Tar can be easily identified in the water zones using the resistivity response. In the oil zone, it is difficult to separate tar and hydrocarbons by using exclusively a resistivity log. NMR transverse T2 relaxation contains useful petrophysical and geological information. The T2 histogram is a function of both fluid properties and pore size distribution. Tar is almost solid and the hydrogen it contains relaxes very fast because of its strong binding forces. The shortened T2 in the presence of tar results in lower NMR porosity, compared to the conventional Density-Neutron porosity. The missing porosity from NMR along with other conventional logs and wireline formation tester can be reliably used in the evaluation of tar in the formation. The results can be quantified with confidence after calibrating with core results.

Two examples are presented from the carbonate formations of Abu Dhabi, in the Middle East, where tar evaluation was successfully performed using NMR, Density- Neutron and MDT data.

Introduction

Presence of tar in an oil reservoir due to its negative effect on flow performance in porous media may represent a significant problem for field management if not recognized and characterized properly. It is essential to know as early as possible volume and spatial distribution of tar to minimize field development risks, and optimize drain areas while guaranteeing effective pressure maintenance.

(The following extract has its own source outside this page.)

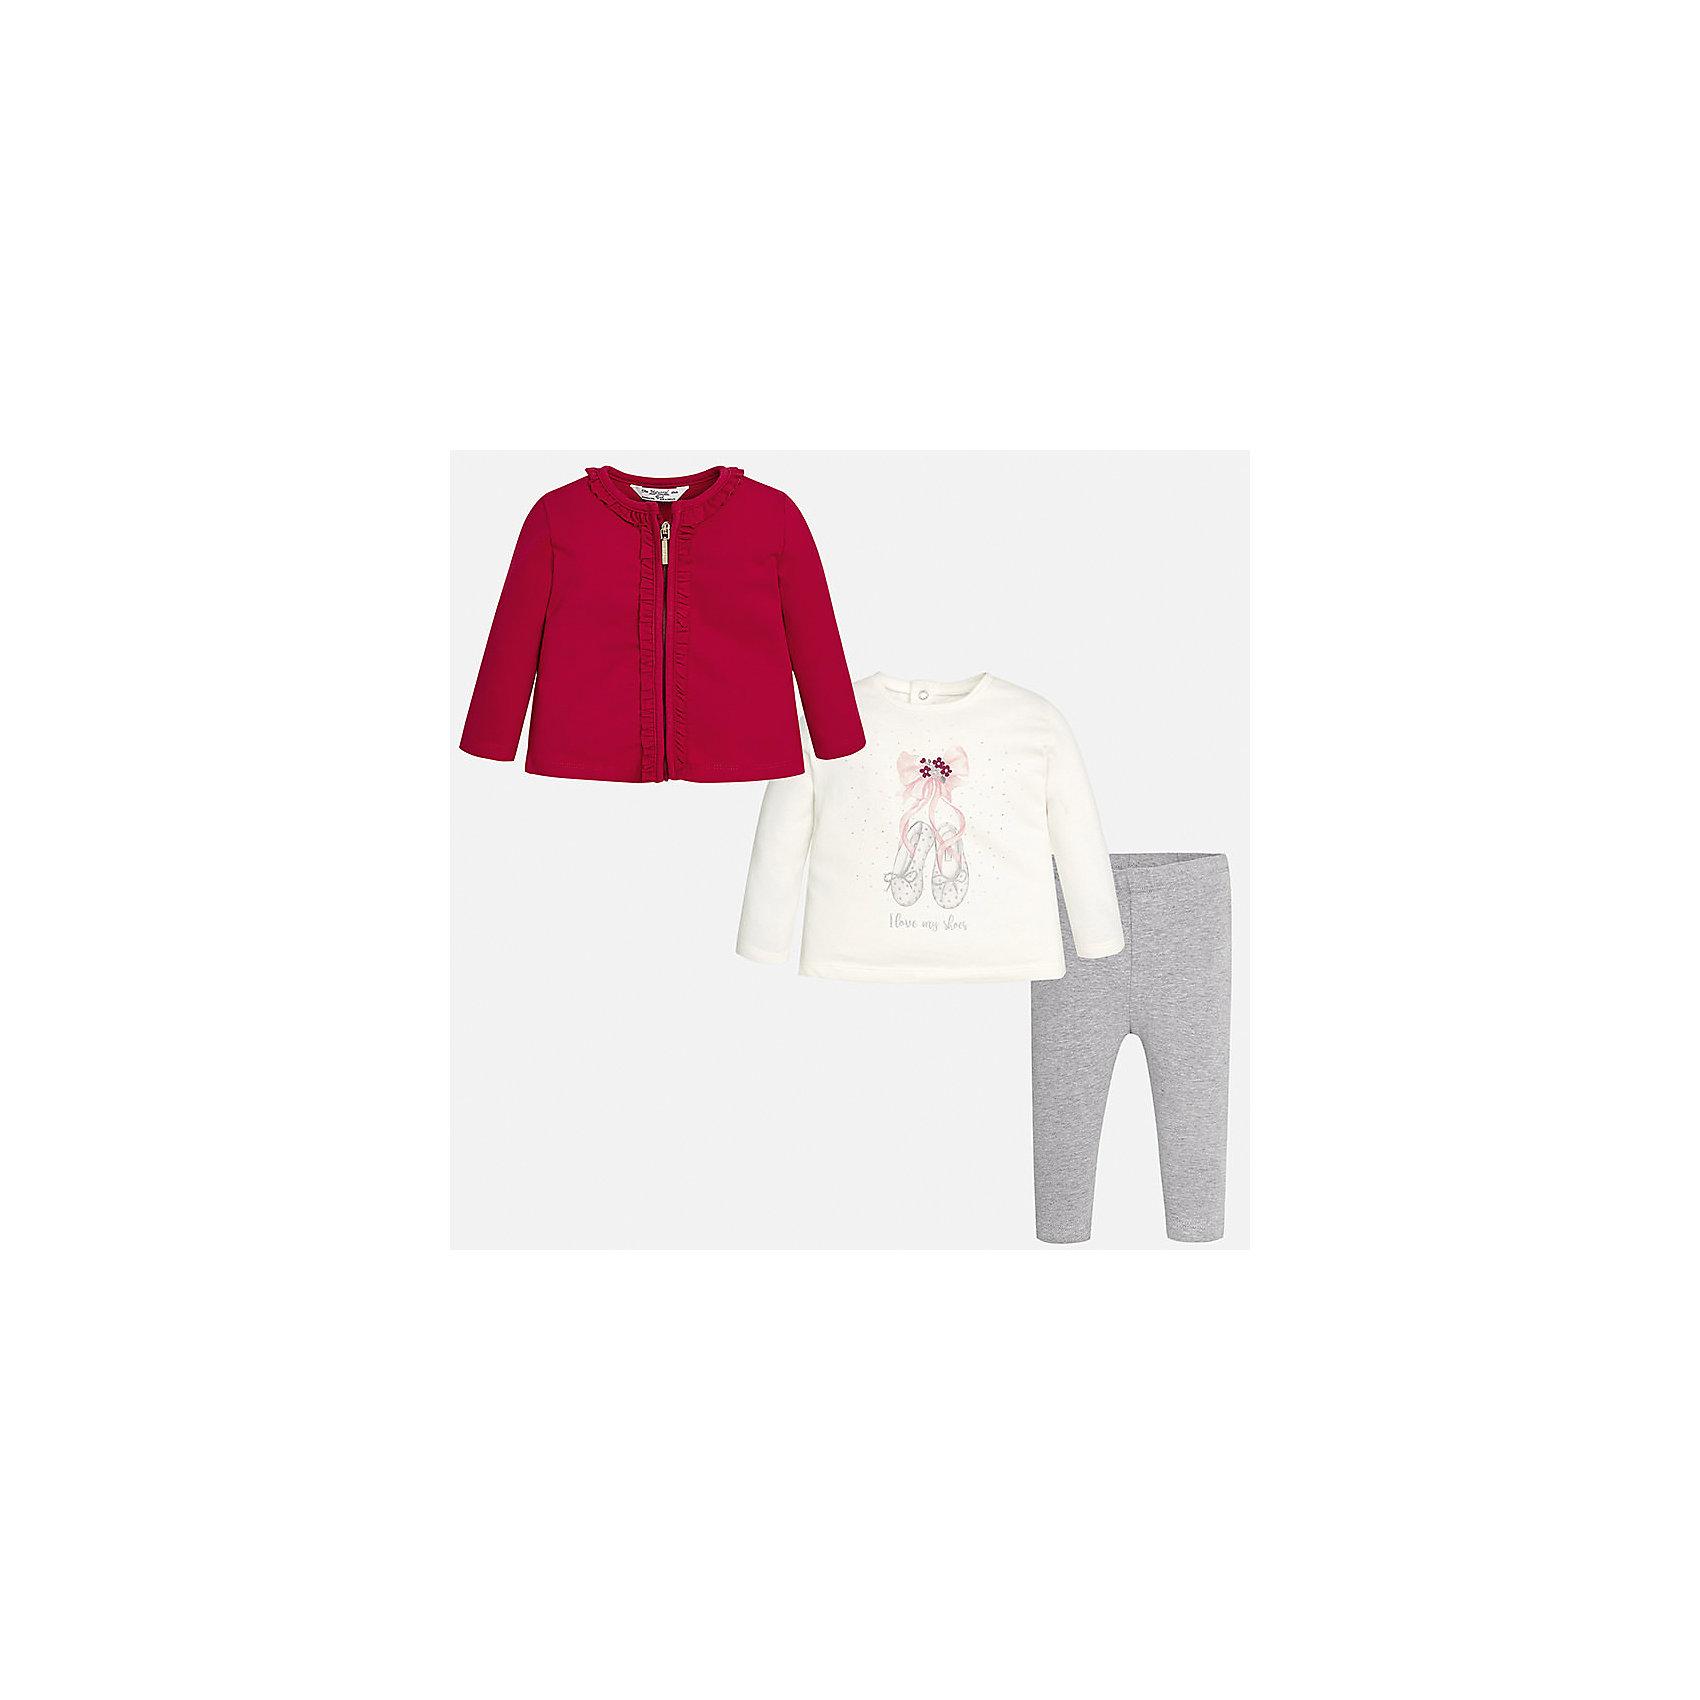 Комплект: жакет, футболка с длинным рукавом и леггинсы Mayoral для девочкиКомплекты<br>Характеристики товара:<br><br>• цвет: красный<br>• состав ткани: 92% хлопок, 8% эластан<br>• комплект: жакет, лонгслив и леггинсы<br>• сезон: демисезон<br>• особенности: принт<br>• пояс: резинка<br>• длинные рукава<br>• застежка: кнопки, молния<br>• страна бренда: Испания<br>• страна изготовитель: Индия<br><br>Этот детский комплект из жакета, лонгслива и леггинсов подойдет для любых мероприятий. Отличный способ обеспечить ребенку комфорт - надеть детские жакет, лонгслив и леггинсы от Mayoral. Детские леггинсы сшиты из приятного на ощупь материала. Жакет и лонгслив для девочки удобно сидят по фигуре. <br><br>Комплект: жакет, лонгслив и леггинсы для девочки Mayoral (Майорал) можно купить в нашем интернет-магазине.<br><br>Ширина мм: 123<br>Глубина мм: 10<br>Высота мм: 149<br>Вес г: 209<br>Цвет: красный<br>Возраст от месяцев: 24<br>Возраст до месяцев: 36<br>Пол: Женский<br>Возраст: Детский<br>Размер: 98,92,74,80,86<br>SKU: 6920398

The giant Middle East field studied in this paper is an anticline structure consisting of three major reservoirs. The reservoirs under investigation, respectively 40 &140 feet thick Lower Cretaceous carbonates, are the top and middle ones. Both reservoirs have been developed using five spot patterns with 1.4 km spacing between the injectors and producers. One of the key uncertainties in the Northern and Eastern part of the field is the area and vertical distribution of bitumen in the reservoirs. Development optimization studies for the Northern and Eastern flank areas recommended several producers and injectors in phases so as to enhance the production from the field. From reservoir development perspective, identification and distribution of bitumen therefore, becomes crucial in order to optimize the horizontal well locations and placement of laterals. In addition, it is very critical to understand the impact of bitumen on the effectiveness of peripheral injectors for reservoir management.

The bitumen is associated with the historical oil water contact (OWC) prior to tilting of the reservoir to the present day contacts. It is postulated that on tilting, a section of the reservoir was left with a residual hydrocarbon that degraded to bitumen.

The approximate tar area distribution derived from an earlier study is displayed in Fig-1. This will actually be the starting point for a new detailed analysis.

The paper discusses the historical approach for tar identification in this field and a quantitative methodology using the new technology NMR logs.